Background: Clinicians in ambulatory care settings are increasingly called upon to use health information technology (health IT) to improve practice efficiency and performance. Successful adoption of health IT requires an understanding of how clinical tasks and workflows will be affected; yet this has not been well described.

Objective: To describe how health IT functions within a clinical context.

Design: Qualitative study, using in-depth, semi-structured interviews.

Participants: Executives and staff at 4 community health centers, 3 health center networks, and 1 large primary care organization.

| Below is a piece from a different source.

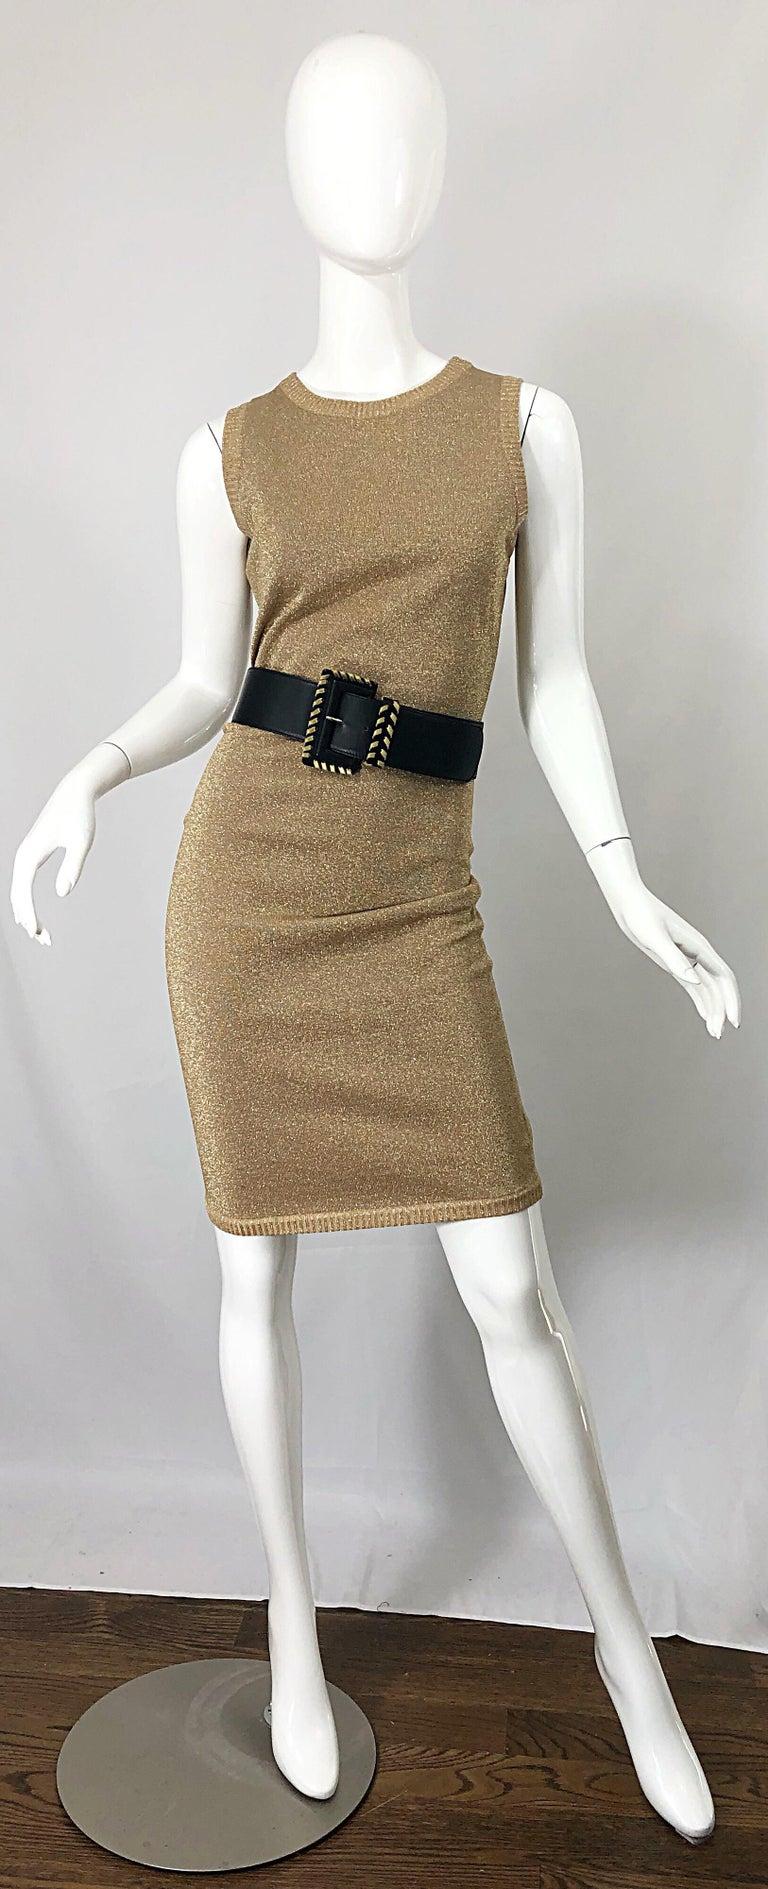 Women's Mila Schoon 1990s Gold Metallic Cut - Out Back Vintage 90s Bodycon Dress For Sale
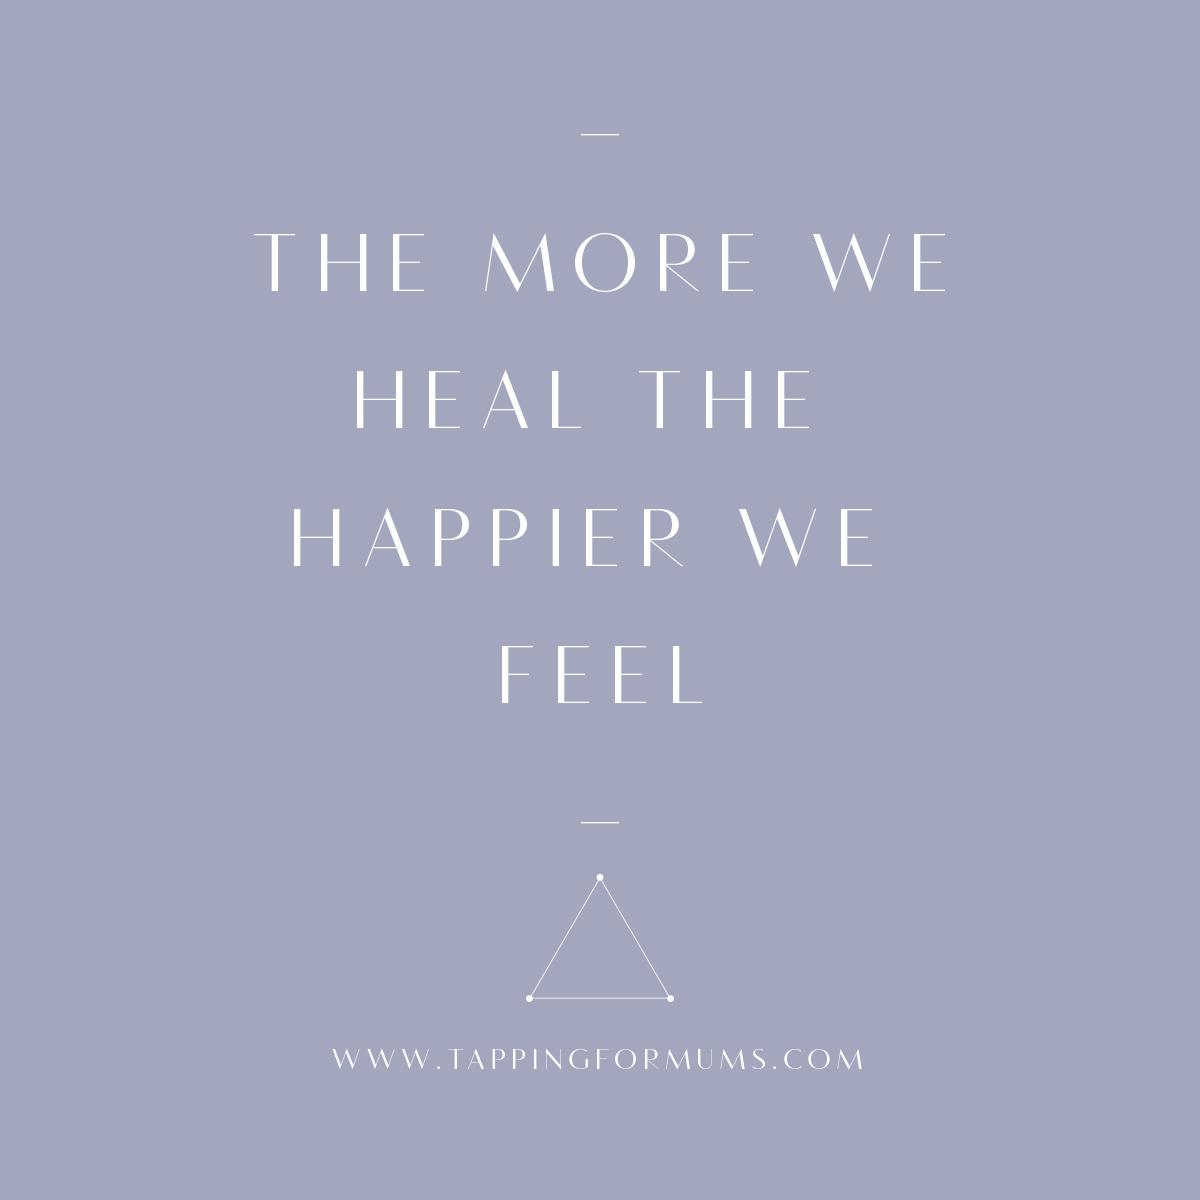 The-more-we-feel-the-happier-we-feel.jpg

Approach: Transcribed audio-recorded interviews, analyzed using the constant comparative method.

Results: Systematic characterization of clinical context identified 6 primary clinical domains. These included results management, intra-clinic communication, patient education and outreach, inter-clinic coordination, medication management, and provider education and feedback. We generated clinical process diagrams to characterize these domains. Participants suggested that underlying workflows for these domains must be fully operational to ensure successful deployment of health IT.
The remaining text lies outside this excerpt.